* Work instruction *
In this exercise, print only the lines from the line with "Vintage Gold Gucci" to the last line of the data below, inclusive. Any pictures should be left out.

* Available records *
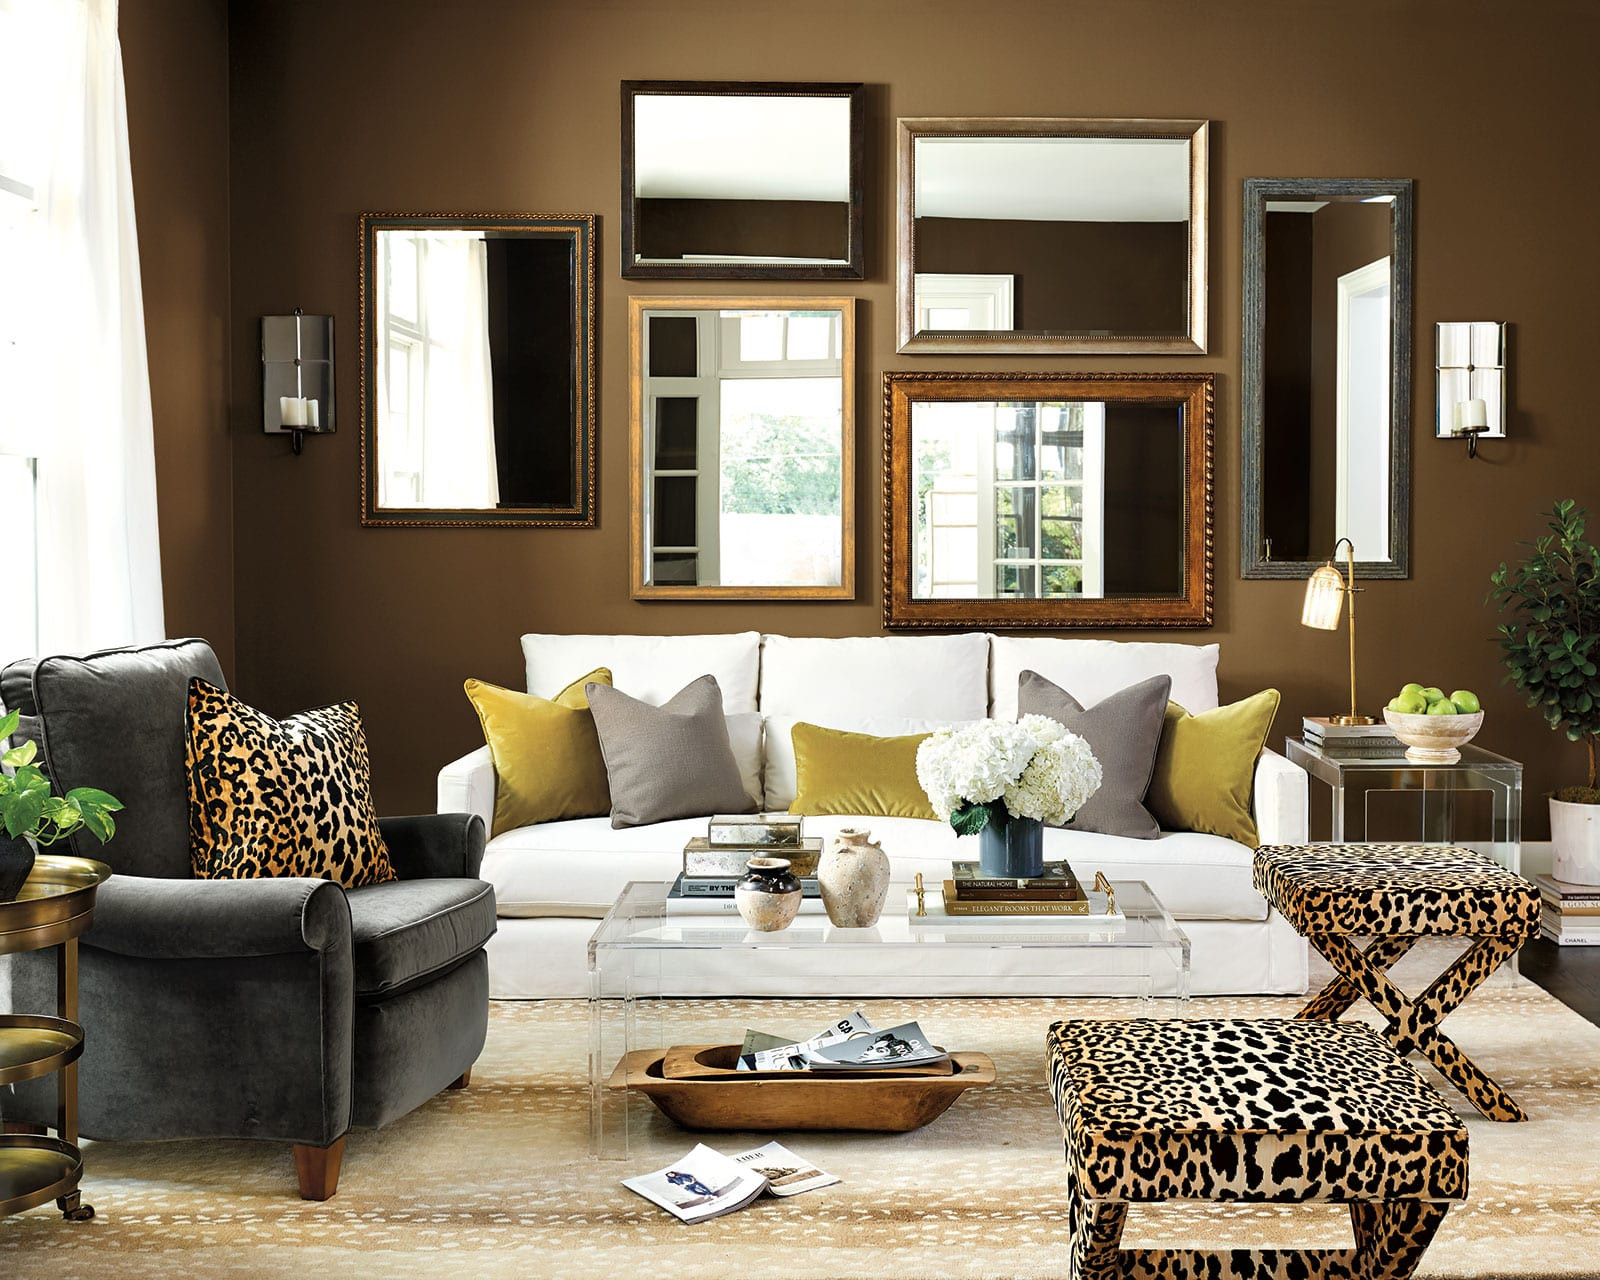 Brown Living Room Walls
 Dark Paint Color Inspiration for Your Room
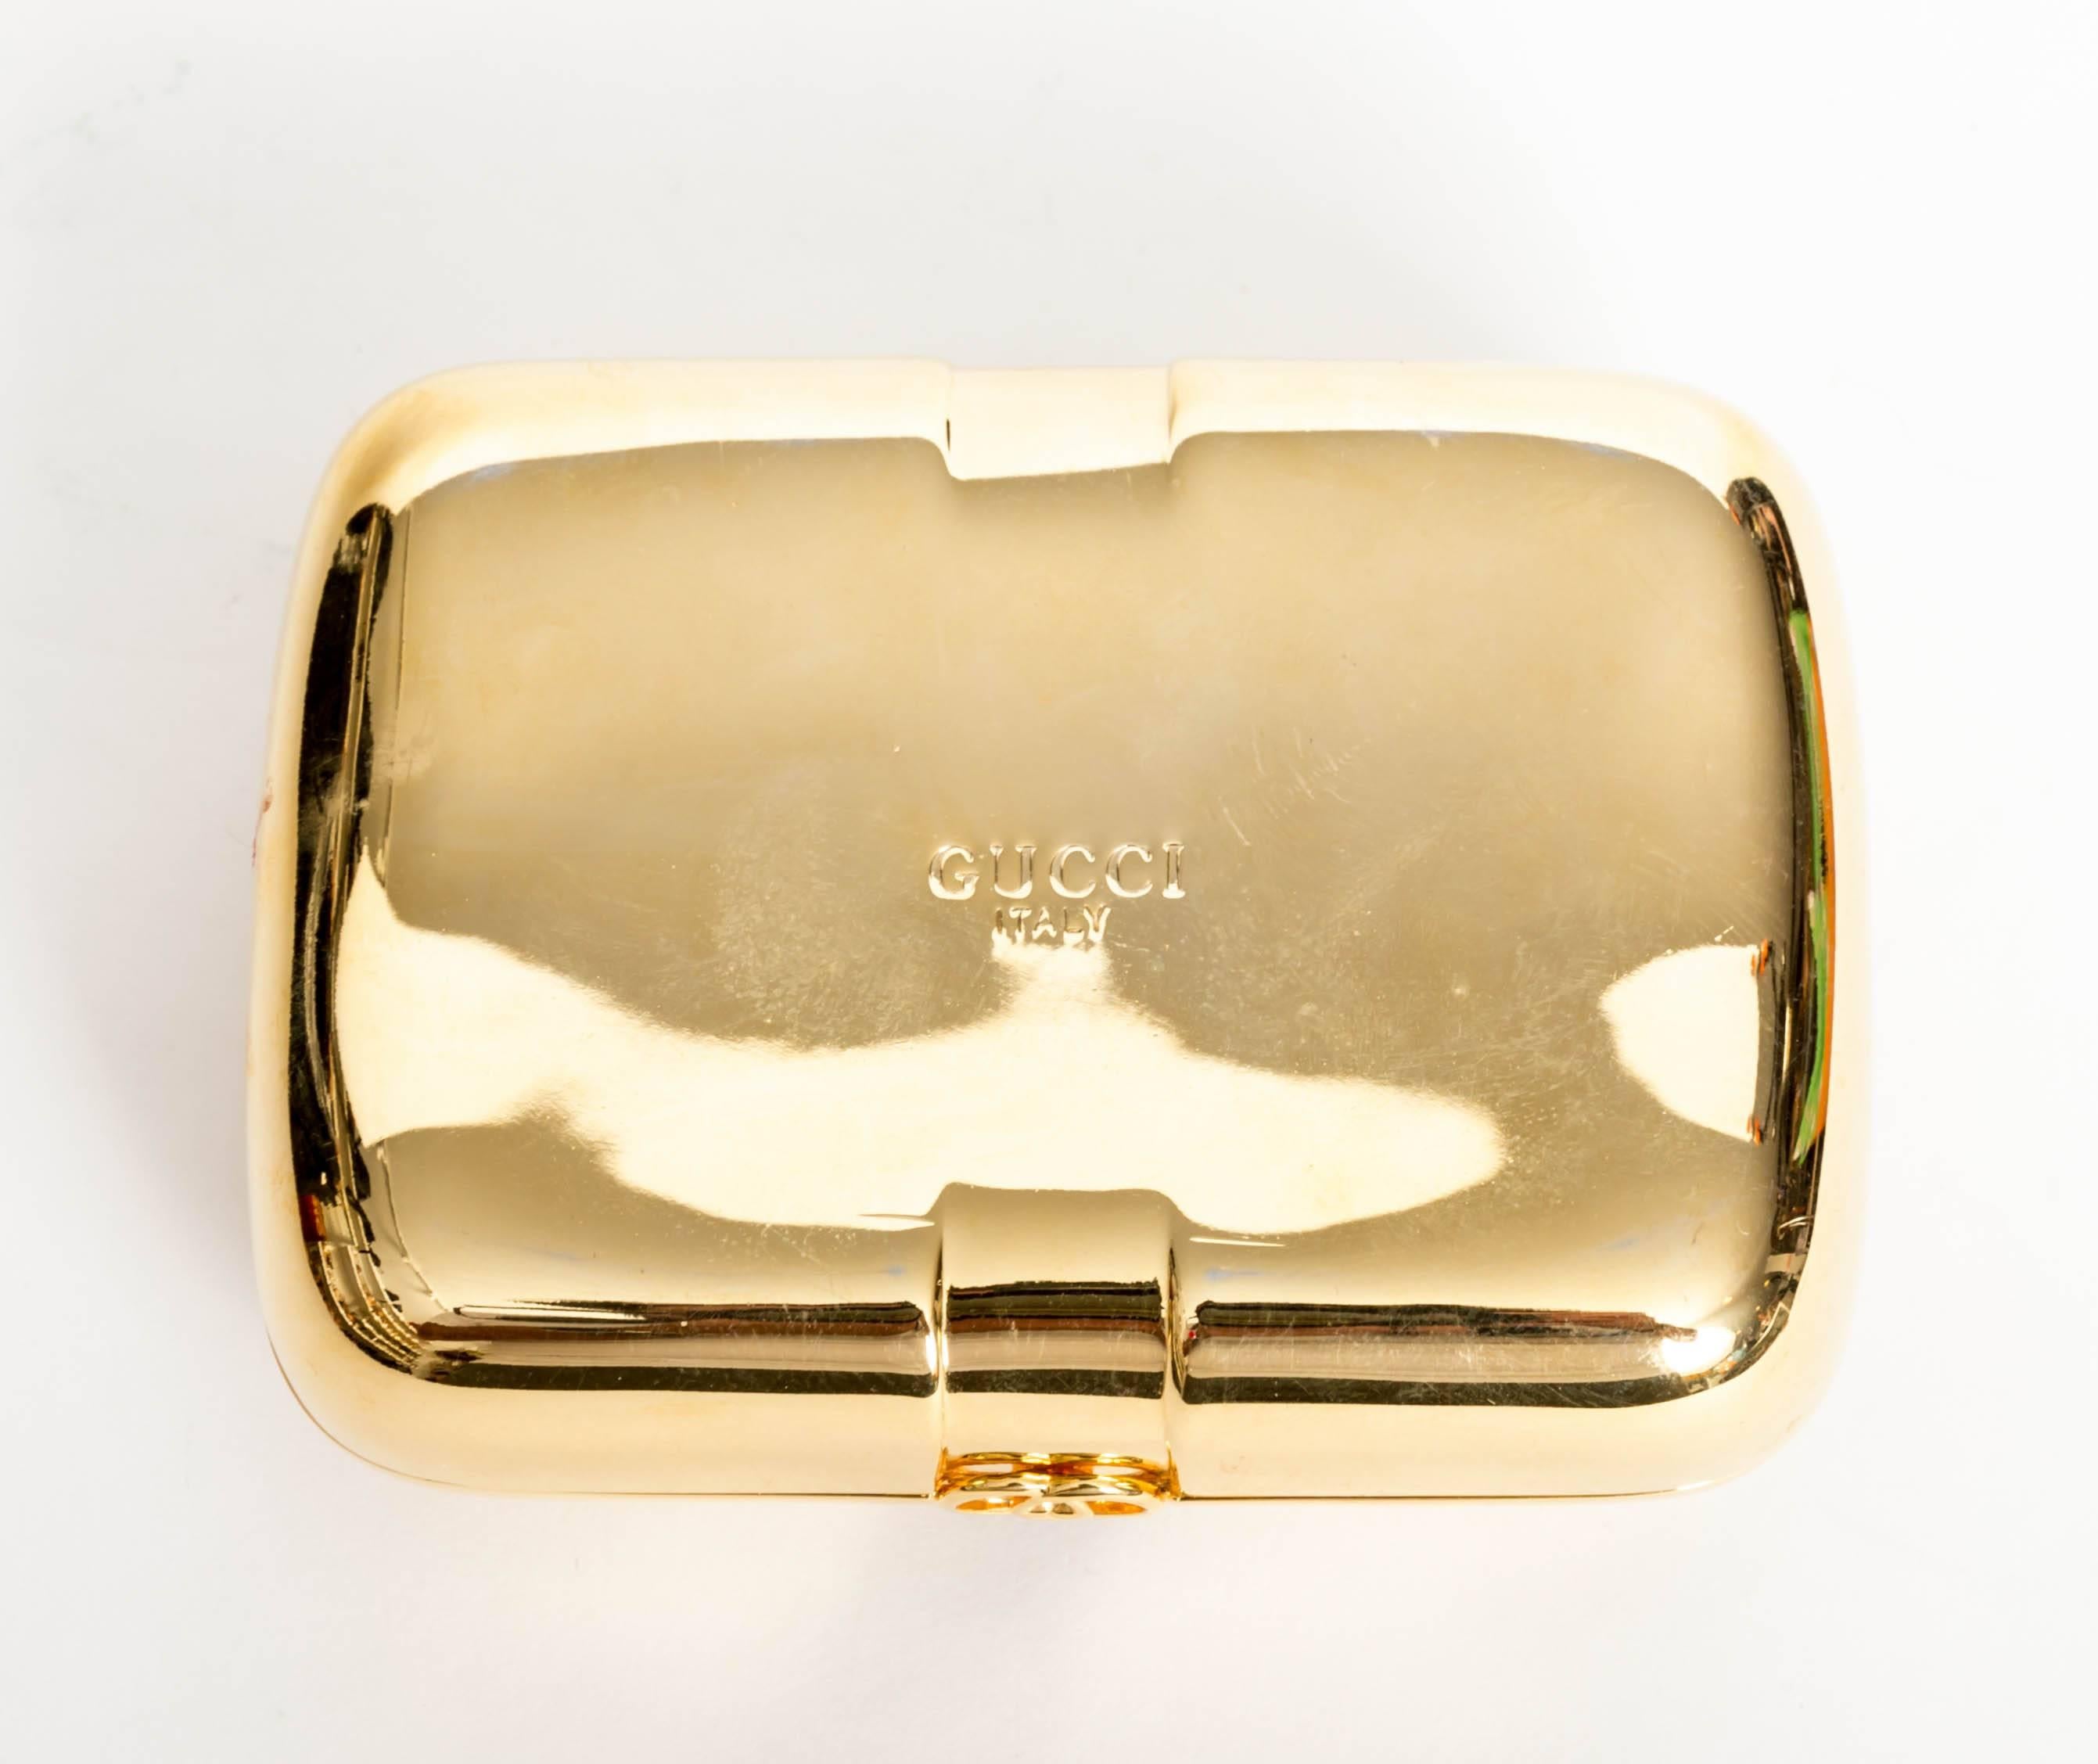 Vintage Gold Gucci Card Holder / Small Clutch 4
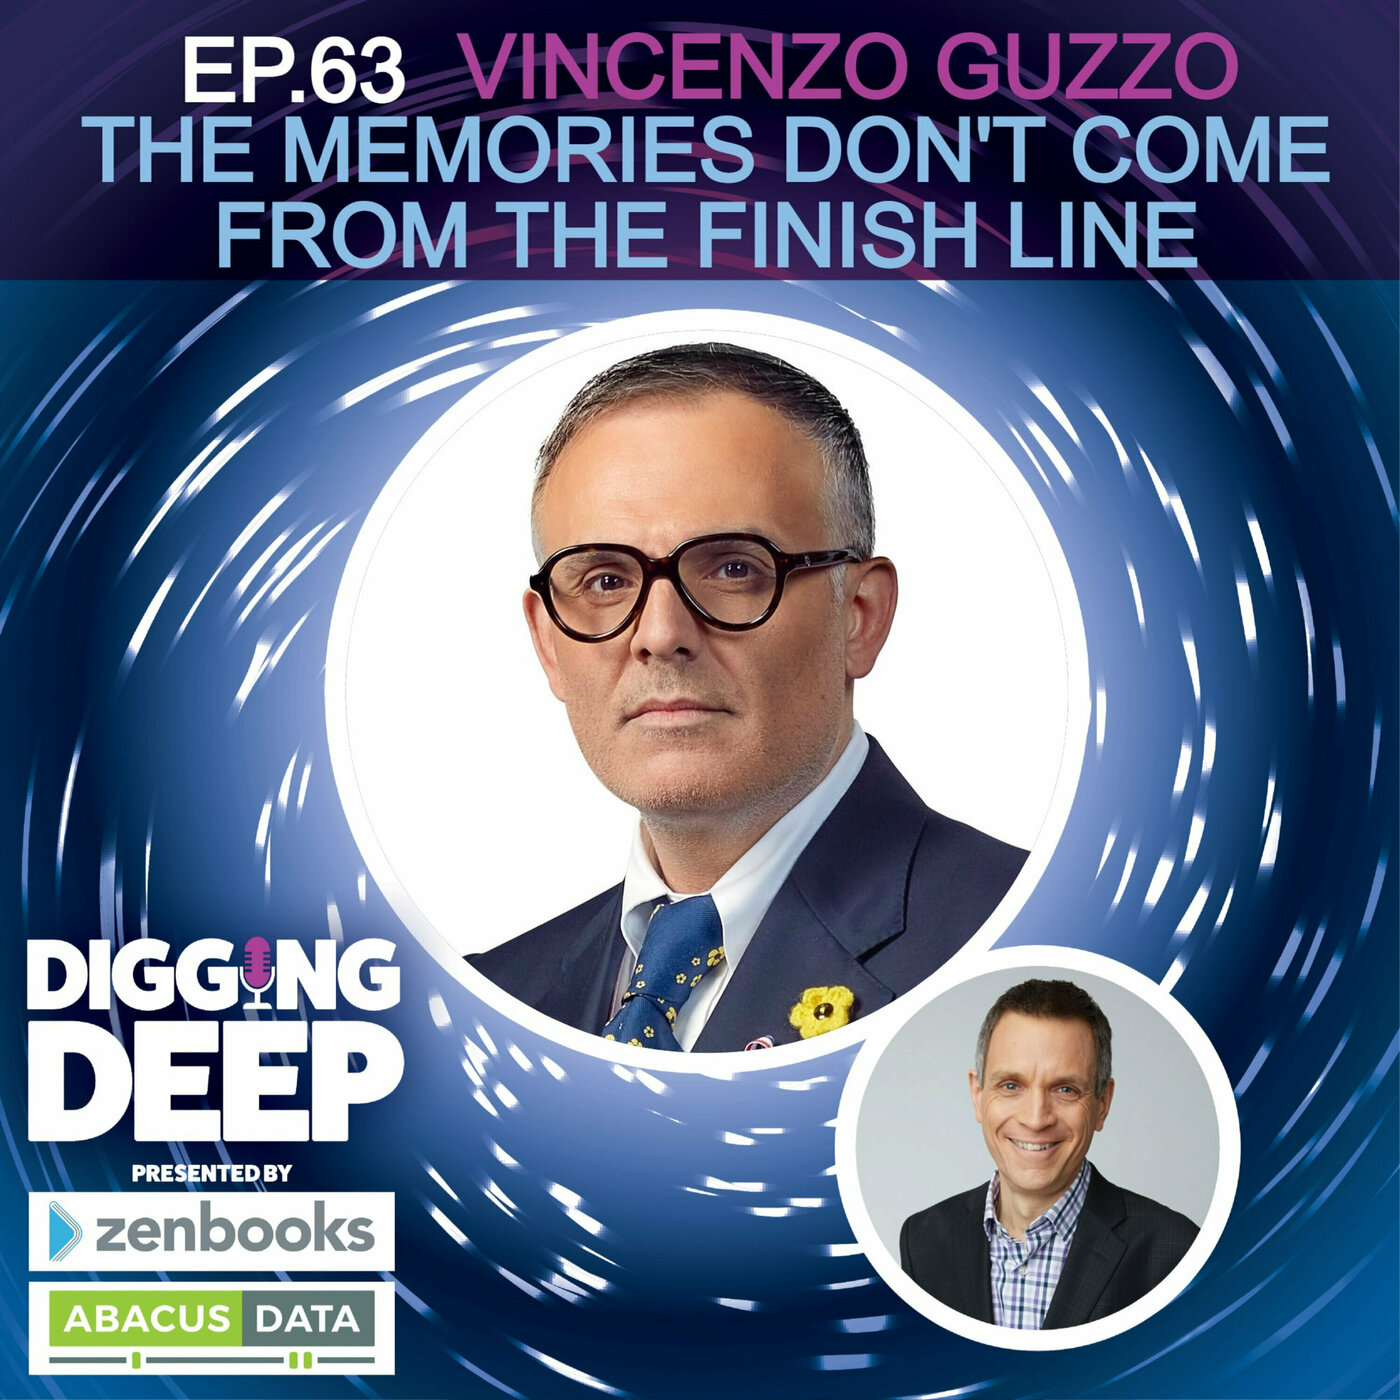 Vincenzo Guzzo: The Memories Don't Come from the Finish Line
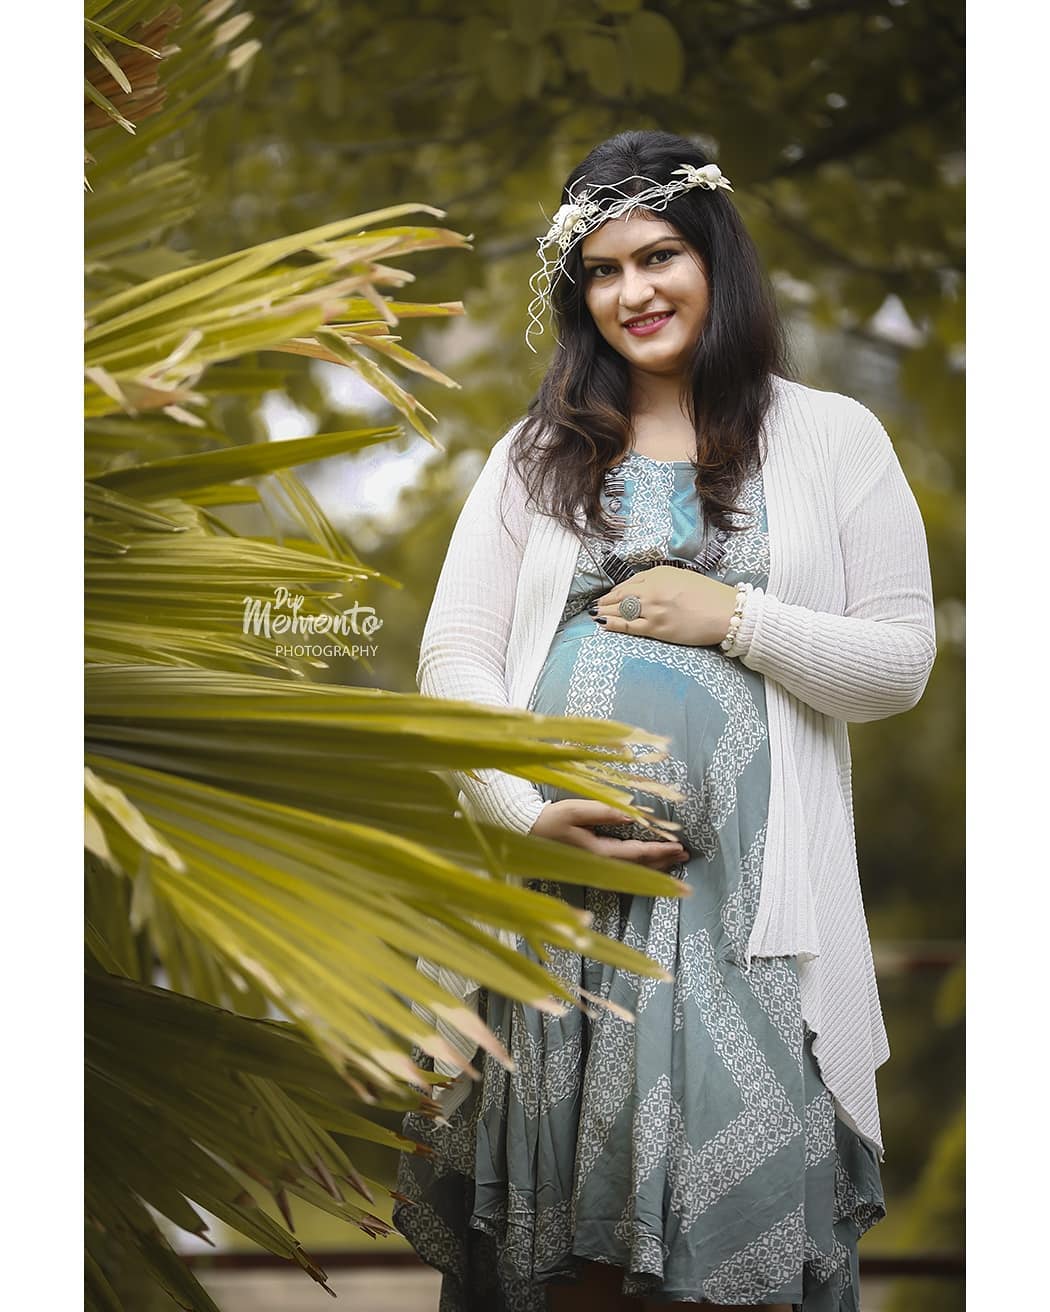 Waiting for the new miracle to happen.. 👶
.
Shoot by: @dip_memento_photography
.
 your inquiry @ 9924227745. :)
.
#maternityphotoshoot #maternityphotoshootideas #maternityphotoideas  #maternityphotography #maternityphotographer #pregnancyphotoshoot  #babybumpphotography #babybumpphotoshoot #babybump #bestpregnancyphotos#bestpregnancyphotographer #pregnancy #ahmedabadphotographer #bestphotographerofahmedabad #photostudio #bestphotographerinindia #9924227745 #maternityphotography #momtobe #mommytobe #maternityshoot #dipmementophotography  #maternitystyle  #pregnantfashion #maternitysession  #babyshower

* Solution for this problem *
 Vintage Gold Gucci Card Holder / Small Clutch 4
 Vincenzo Guzzo: The Memories Don't Come from the Finish Line
 Waiting for the new miracle to happen.. 👶
.
Shoot by: @dip_memento_photography
.
 your inquiry @ 9924227745. :)
.
#maternityphotoshoot #maternityphotoshootideas #maternityphotoideas  #maternityphotography #maternityphotographer #pregnancyphotoshoot  #babybumpphotography #babybumpphotoshoot #babybump #bestpregnancyphotos#bestpregnancyphotographer #pregnancy #ahmedabadphotographer #bestphotographerofahmedabad #photostudio #bestphotographerinindia #9924227745 #maternityphotography #momtobe #mommytobe #maternityshoot #dipmementophotography  #maternitystyle  #pregnantfashion #maternitysession  #babyshower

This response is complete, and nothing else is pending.